::: Source data :::

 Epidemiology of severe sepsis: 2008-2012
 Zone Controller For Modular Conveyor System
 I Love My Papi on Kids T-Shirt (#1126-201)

:::

> _What to produce_
Word for word, restate the whole of the material above.

> _Solution_
 Epidemiology of severe sepsis: 2008-2012
 Zone Controller For Modular Conveyor System
 I Love My Papi on Kids T-Shirt (#1126-201)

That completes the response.